Шрифт:
Природа есть на самом деле лишь одна из сторон мира, который ею не ограничивается. Подтвердить существование преемственности между человеком и миром — не значит вновь ввести человека в мир одушевленных или неодушевленных предметов или, тем более, свести его к его собственной «природе» (к тому, что в нём есть биологического и животного) или лишить его особых черт. Преемственность не только должна восприниматься множественным и даже диалектическим образом (законы человеческого сознания не сводятся к биологии так же, как биология не сводится к микрофизике), но и необходимо признавать, что она простирается в двух противоположных направлениях — «вниз» и «вверх», от человека к природе так же, как от человека к божеству. Поэтому можно присоединиться к мнению Юлиуса Эволы, согласно которому «то, что характеризует дохристианский мир, по крайней мере, в его высших проявлениях, не имеет ничего общего с суеверным прорицанием природы; речь идёт скорее о её символическом понимании, благодаря которому все внешние явления и действия оказываются чувственными проявлениями мира, лежащего за пределами чувств» («Недоразумение "нового язычества"», цит. ст.).
Вот в чём заключается вся двусмысленность «хорошей природы». Верно то, что «природа», поскольку она представляет одну из сторон мира, в своей основе «хороша». Это не потому, что она нас полностью определяет, — так, что в определённой степени мы извлекаем свои значения именно из нее. Напротив, скорее именно человек, лепя её по своему собственному желанию, определяет её и придаёт ей смысл. В определённого рода неоязычестве — именно в том, которое критикует Эвола, — широко распространены представления о «золотом веке», о «первобытной языческой невинности», которые, по нашему мнению, заслуживают критики, точно так же, как и учения, зачастую их сопровождающие (неоруссоизм с ультрафедералистским оттенком, народнический экологизм, примитивистский антиэтатизм и т. д.). Эти взгляды подразумевают детерминистское и «биологическое» представление о человеке, которое не соответствует действительности и которое парадоксальным образом сходится с иудео-христианским мифом об адамической невинности (влияние которого оно, возможно, испытало).
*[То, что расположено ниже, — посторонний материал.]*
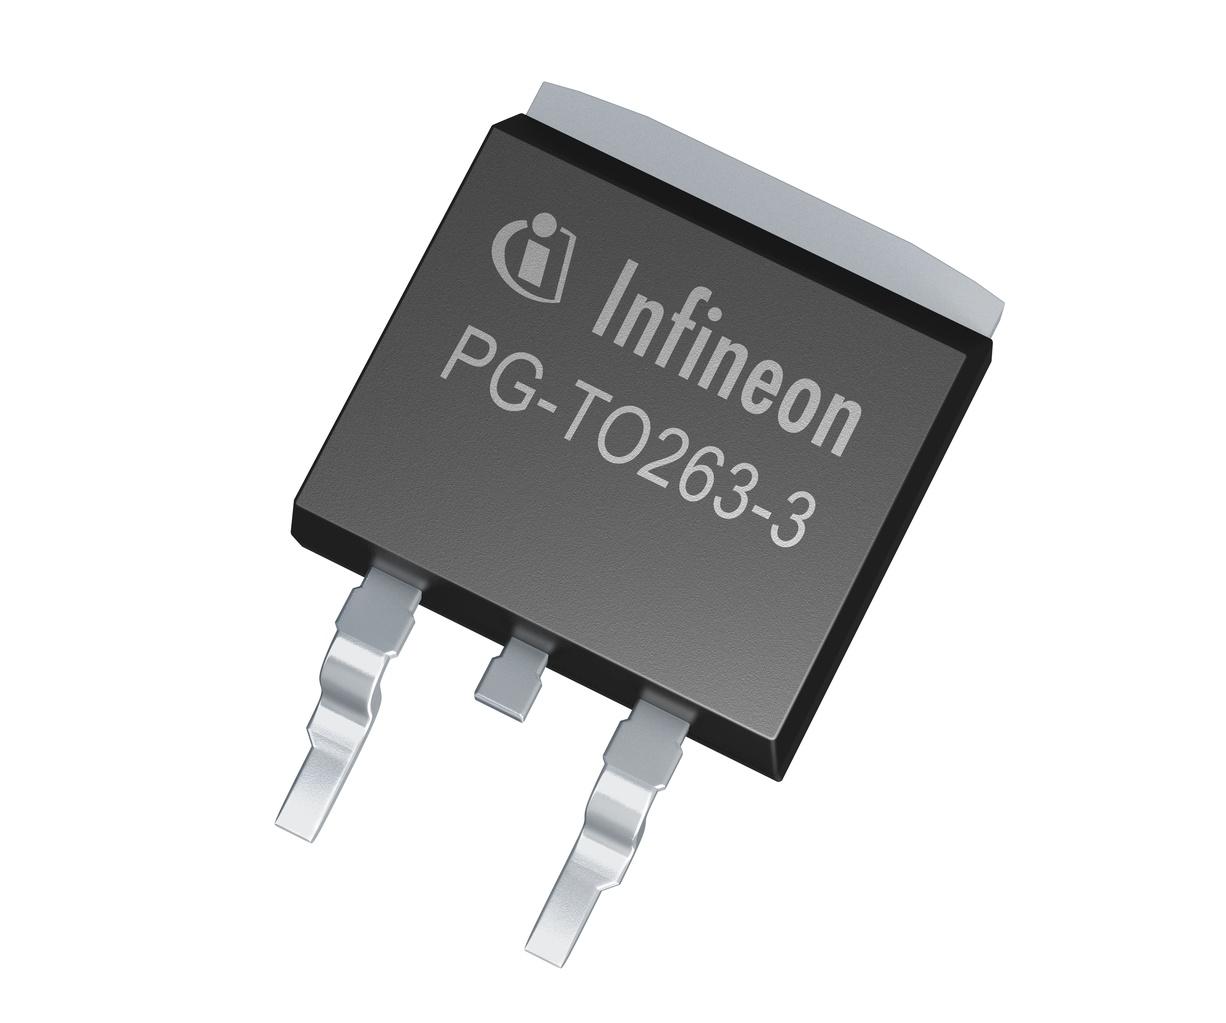 Image of IPB80P04P4L04ATMA1 by Infineon Technologies

Языческое богословие — это богословие не природы, но мира. Природа являет лик существования, но не представляет собой его конечного определения. И точно так же, как преемственность между всеми существами, в особенности между людьми и богами, не означает, что эти существа не отличаются друг от друга или равны друг другу, так и утверждение, что европейский дух никогда не переставал протестовать против разрыва между небом и землёй, человеком и Богом, душой и телом, не означает, что все эти определения находятся на одном уровне. Душа и тело являются продолжением друг друга, они единосущны миру, но «господствует» всё-таки душа. Можно сказать, что по отношению к телу она является восходящим качеством. Именно поэтому язычество провозглашает первенство идеи — идеи, которую, однако, не следует путать с платоновским логосом. Также именно поэтому мы отвергаем любое преимущественно натуралистическое истолкование индоевропейских религий — чтобы искать их «ядро» не в обожествлении «природных стихий» и даже не в последовательности исторических событий, преображенных мифом, но в идеологической системе, в особенном взгляде на мир, придающем смысл всем своим составляющим частям. С этой точки зрения мы можем сказать, что человек «создаёт» мир взглядом, которым смотрит на него, что душа «составляет» тело, что коллективный взгляд на мир «образует» общество, ин-формируя его, и т. д. Это является полной противоположностью натурализму.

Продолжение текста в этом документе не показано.